ASSIGNED TASK: The whole listing, except its pictures, is to be repeated exactly.

INPUT DATA:
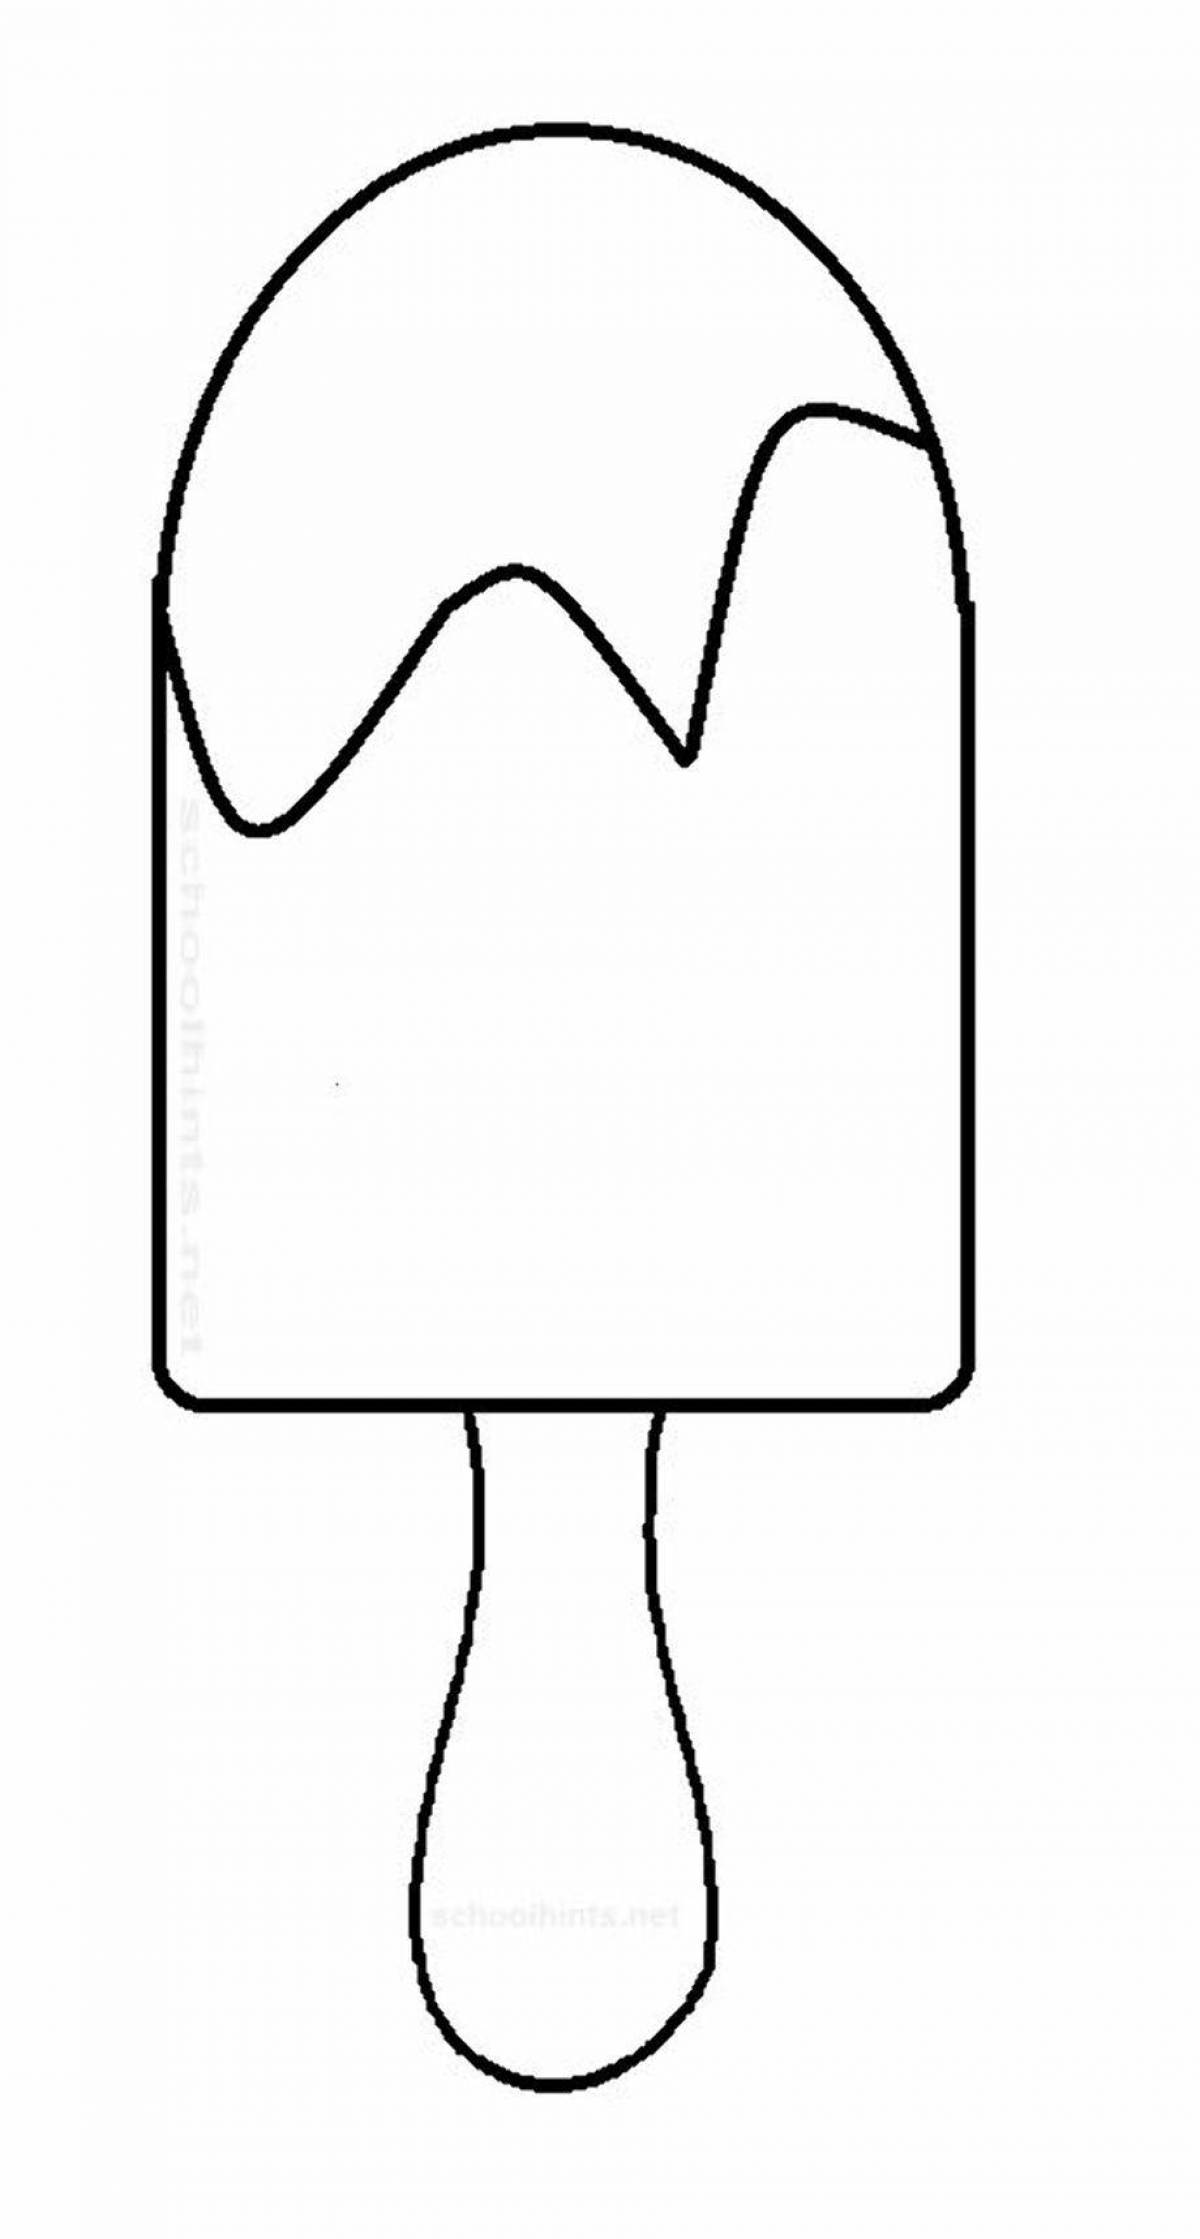 Fun popsicle ice cream coloring page
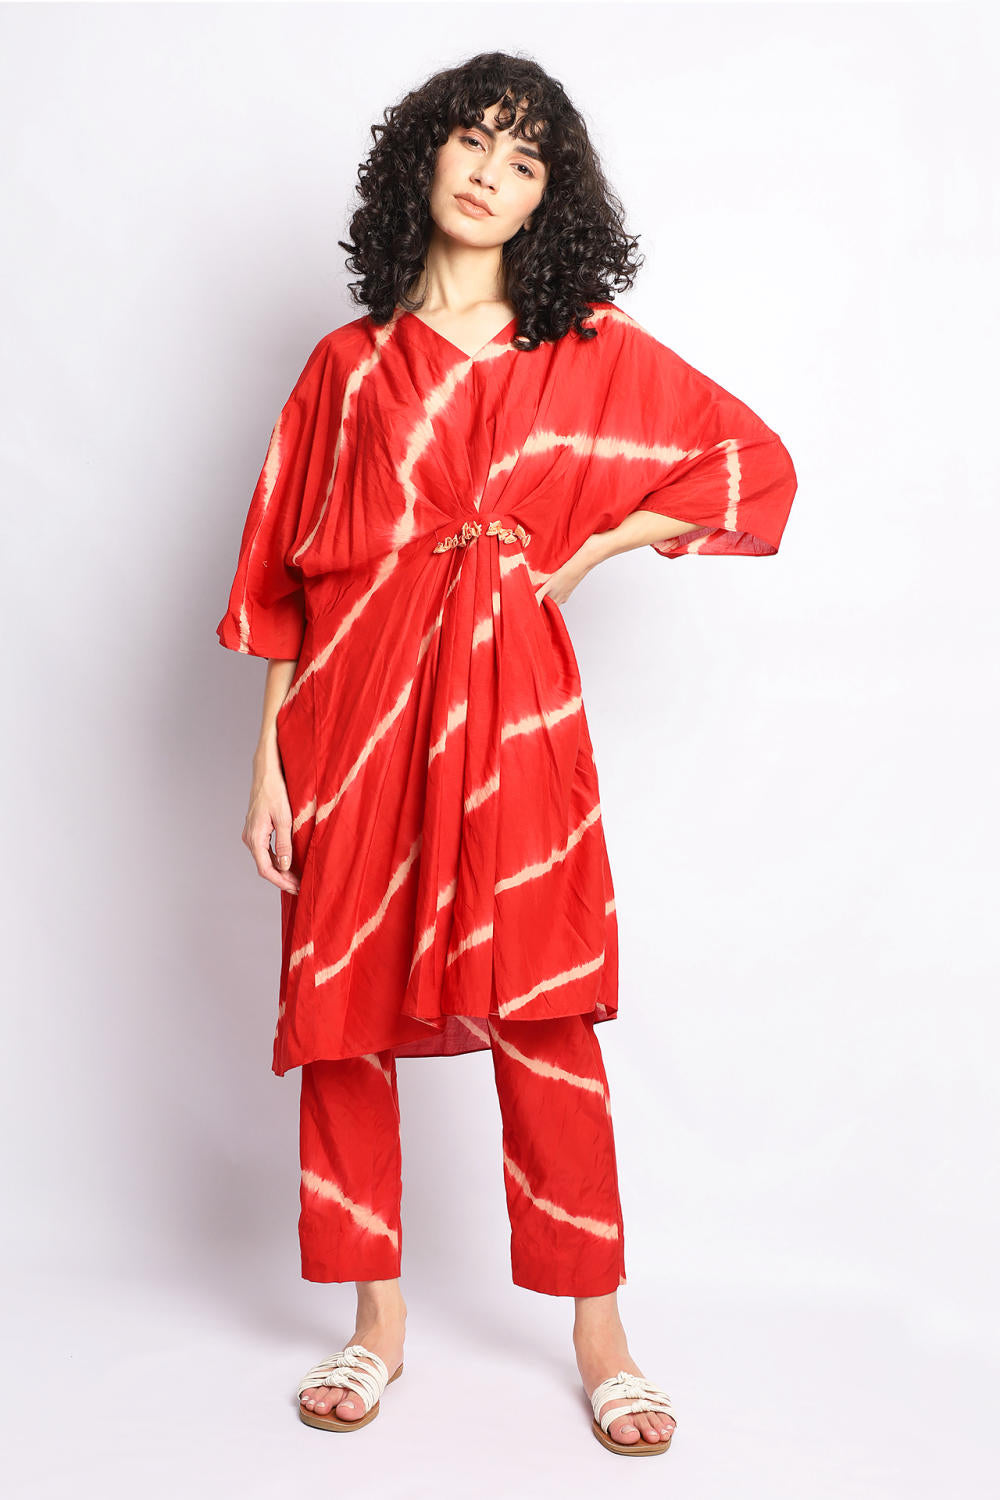 RED AND BEIGE KAFTAN CO-ORD SET Fashion The Pot Plant
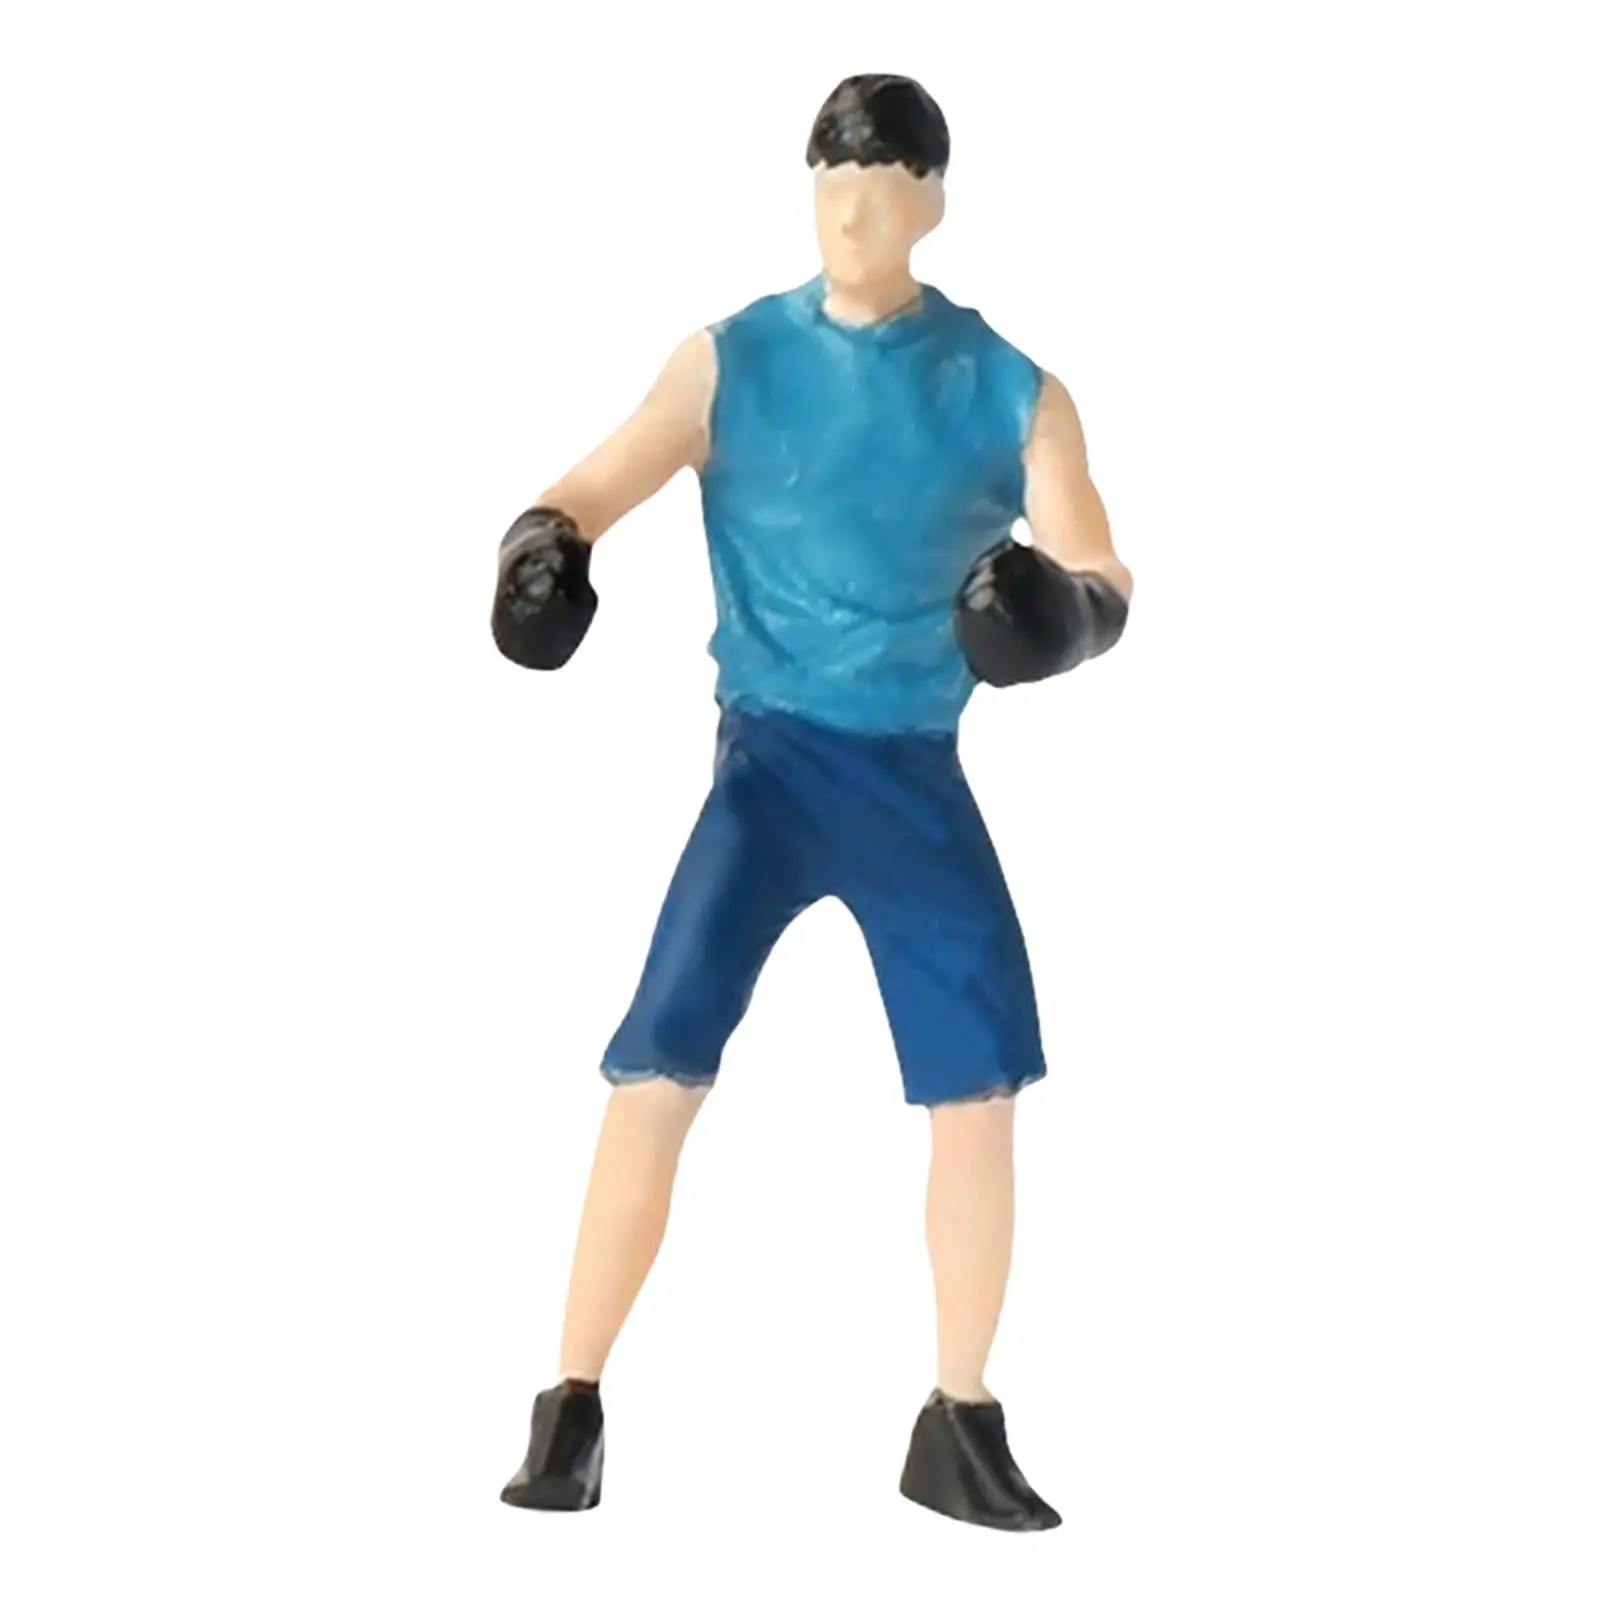 Mini 1:64 Figures Boxing Figurines Tiny People Desktop Decoration Ornaments for Layout

SOLVED EXERCISE:
 Fun popsicle ice cream coloring page
 RED AND BEIGE KAFTAN CO-ORD SET Fashion The Pot Plant
 Mini 1:64 Figures Boxing Figurines Tiny People Desktop Decoration Ornaments for Layout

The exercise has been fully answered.